In Gilliland v. Geramita, 2006 Westlaw 2642525 (W.D. Pa. Sept. 14, 2006), the case on which the district court relied, a federal district court considered the same legal issue under similar circumstances. There, plaintiffs sued a corporation for making misrepresentations that induced them to purchase the corporation’s worthless stock.
At the time of the suit, the corporation had “ceased operations” and was “for all practical purposes out of business,” but it had not been dissolved. Corporate counsel was joined as a defendant, and the plaintiffs sought discovery of communications related to the representation. Counsel asserted the privilege.
The court concluded that the privilege belonged to the corporation, the burden of establishing the privilege was on the party asserting it, and because there was no one left with authority to assert the privilege, the communications had to be produced.
As noted by the district court here, the “trending majority view” in other jurisdictions follows the rule that the attorney-client privilege does not survive a corporation’s dissolution if there is no one with the authority to assert it. See also Restatement (Third) of the Law Governing Lawyers Section 73, Comment k (American Law Institute 2000) (“When a corporation or other organization has ceased to have a legal existence such that no person can act in its behalf, ordinarily the attorney-client privilege terminates.”).
Fellman urges us to follow a different line of cases upholding the attorney-client privilege post-dissolution. But these cases are distinguishable, because unlike Gilliland and this case, they involved ongoing post-dissolution proceedings where a person associated with those proceedings possessed the authority to invoke or waive the privilege on behalf of the dissolved corporation.
We reject Fellman’s assertion that these cases are contrary to the general rule that the privilege does not survive dissolution and instead conclude that they represent exceptions to the general rule.
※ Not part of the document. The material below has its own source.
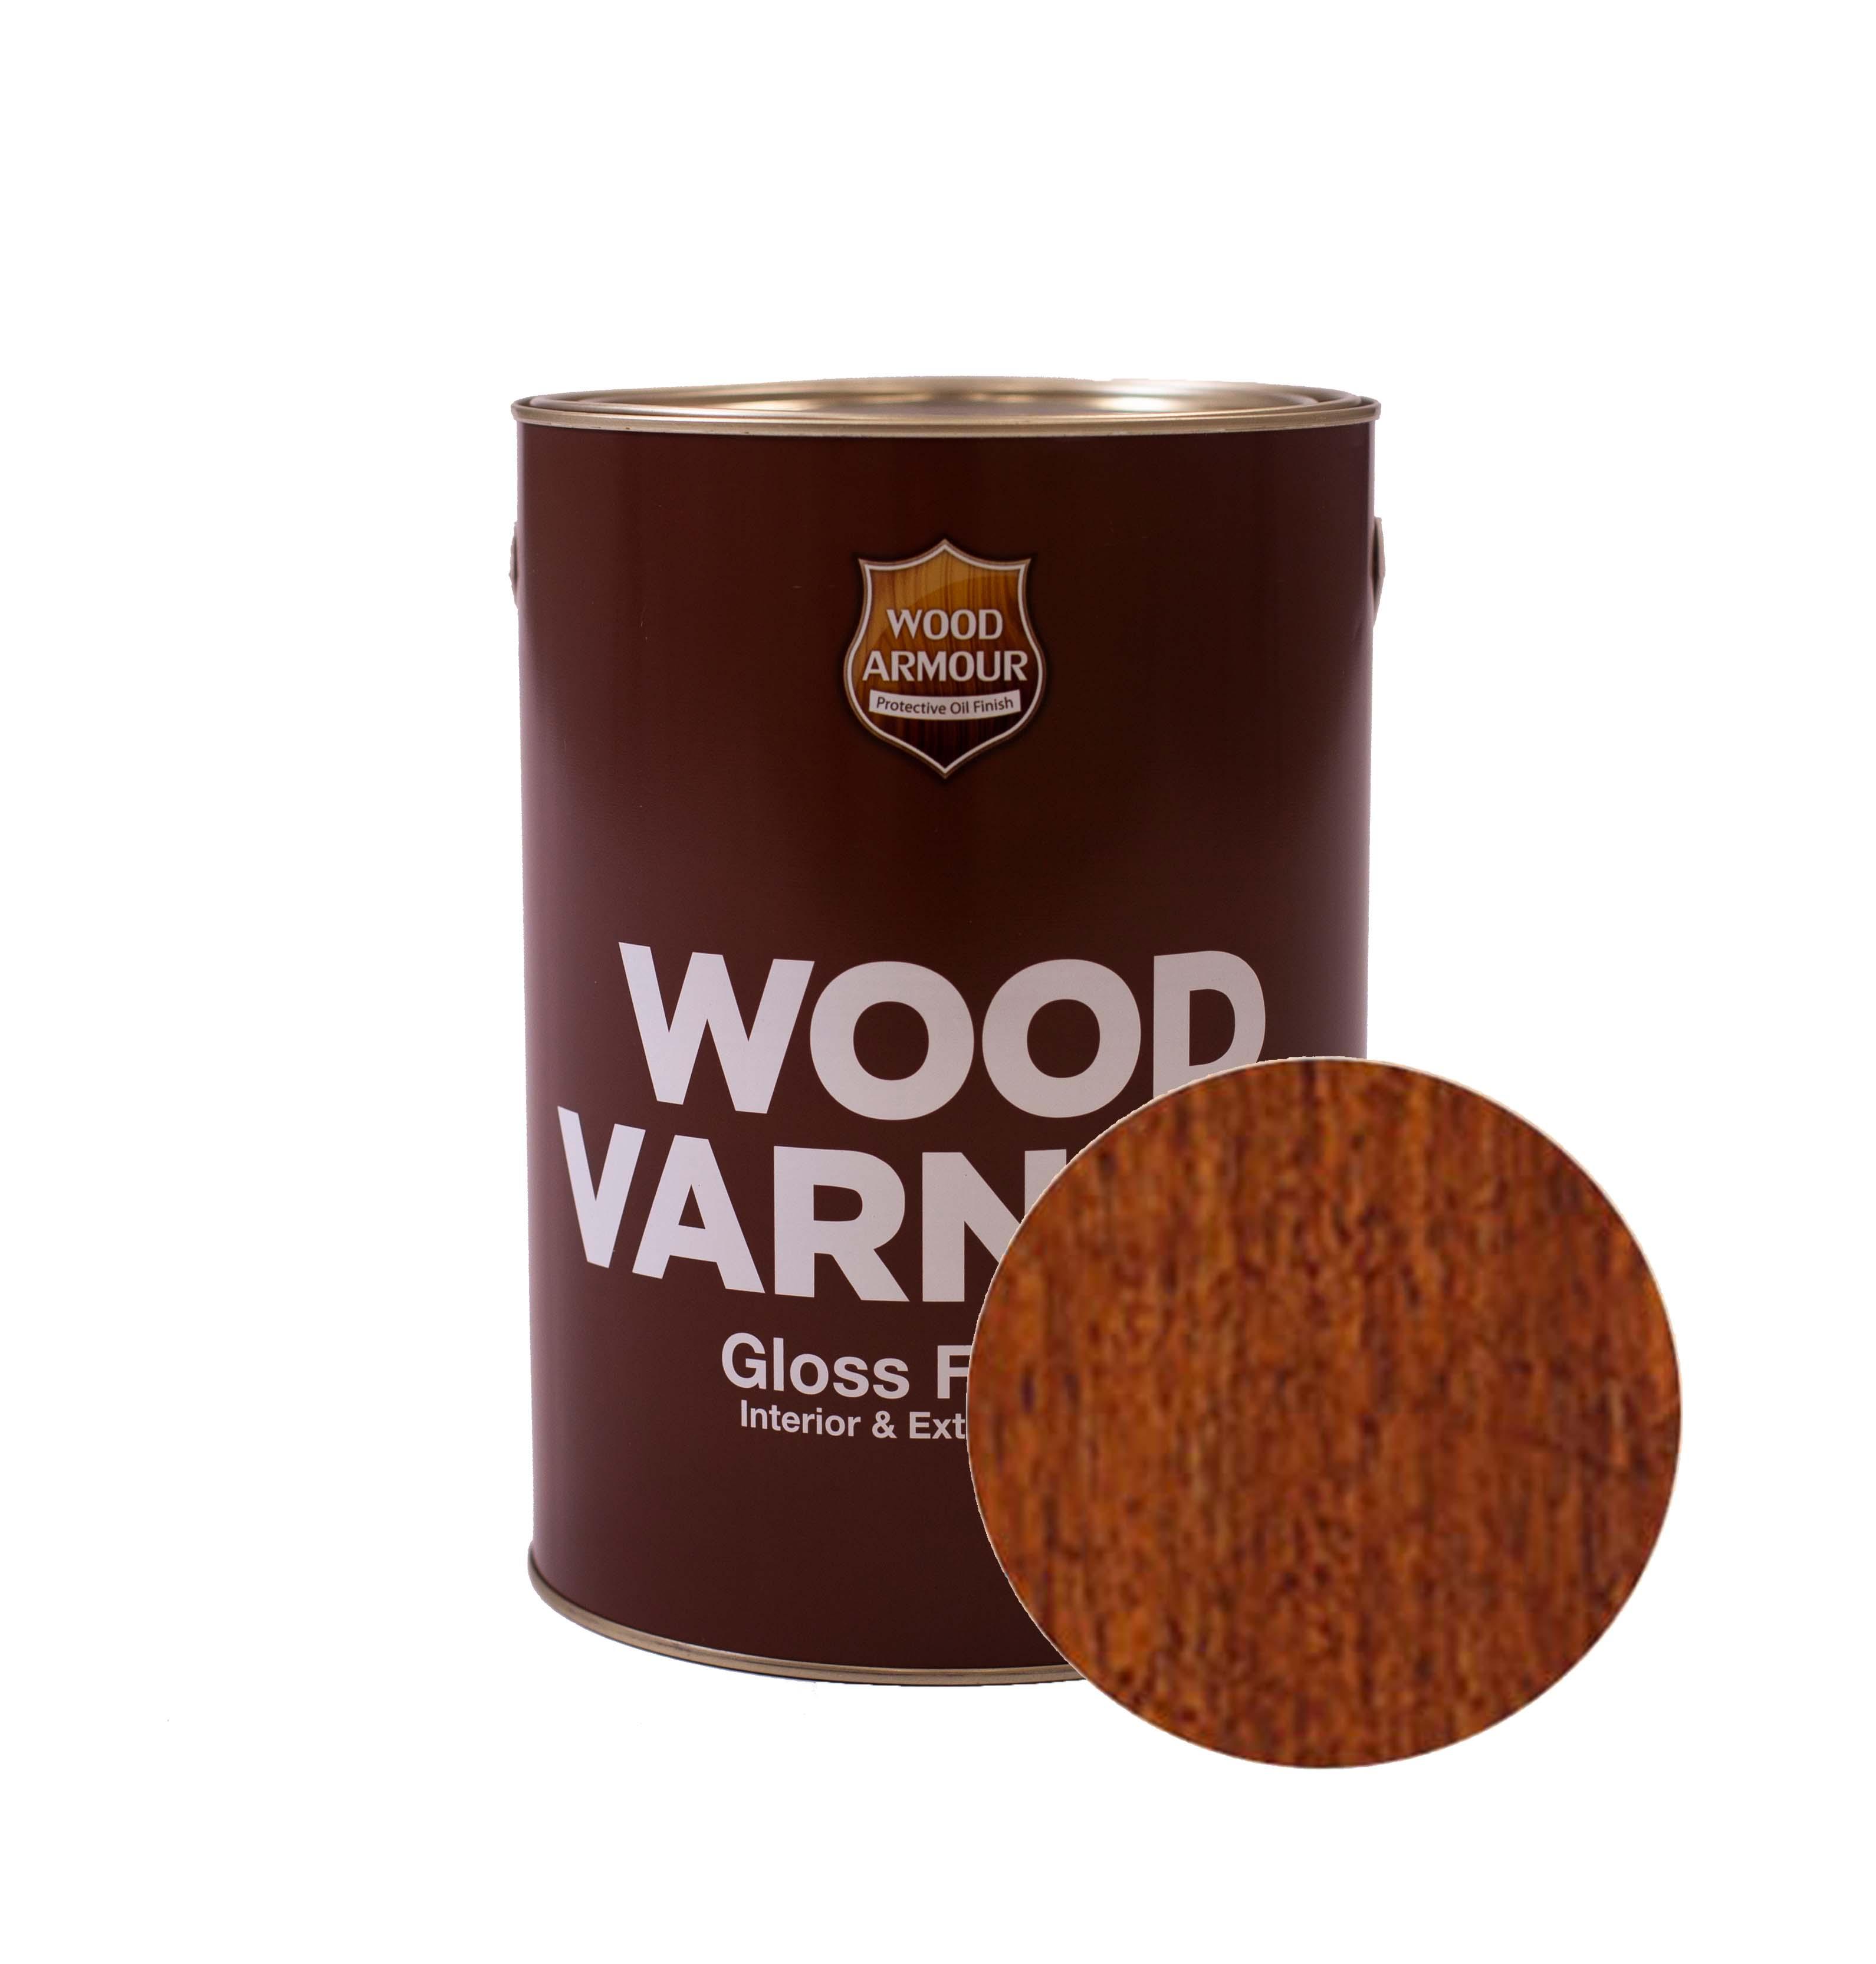 Wood Armour [ Imbuia ] Wood Varnish

As recognized by the court in Red Vision Systems Inc. v. National Real Estate Information Services, 108 A.3d 54 (Pa. Super. Ct. 2015), “the disparate results turn not upon the application of different rules of law, but upon differences in facts. The key fact is whether the corporation is ‘dead’ as opposed to being in some other state, such as a windup phase, bankruptcy or liquidation, or having merged into or been acquired by a successor.”
No one asserts that EAGLE-Net is still in windup, bankruptcy or similar proceedings. Therefore, the district court’s finding that EAGLE-Net is a dissolved corporation with no management to act on its behalf is supported by the record.
We next reject Fellman’s related contention that, as EAGLE-Net’s former general counsel, Fellman possesses the authority to invoke the privilege for EAGLE-Net. It relies on the exceptions noted above finding that a successor-in-interest, bankruptcy trustee, person managing windup or statutory liquidator retains the authority to invoke or waive the privilege during post-dissolution proceedings.
Fellman asks us to create a “former general counsel” exception without citing any authority in support. We decline this request because it is inconsistent with existing precedent precluding former corporate directors and managers from invoking the corporation’s attorney-client privilege. And, it is inconsistent with the Supreme Court’s holding that a former manager cannot assert the privilege as a shield to protect his or her own interest. Weintraub, 471 U.S. at 353-54.
Accordingly, we conclude that Mr. Fellman lacks the authority to invoke the privilege.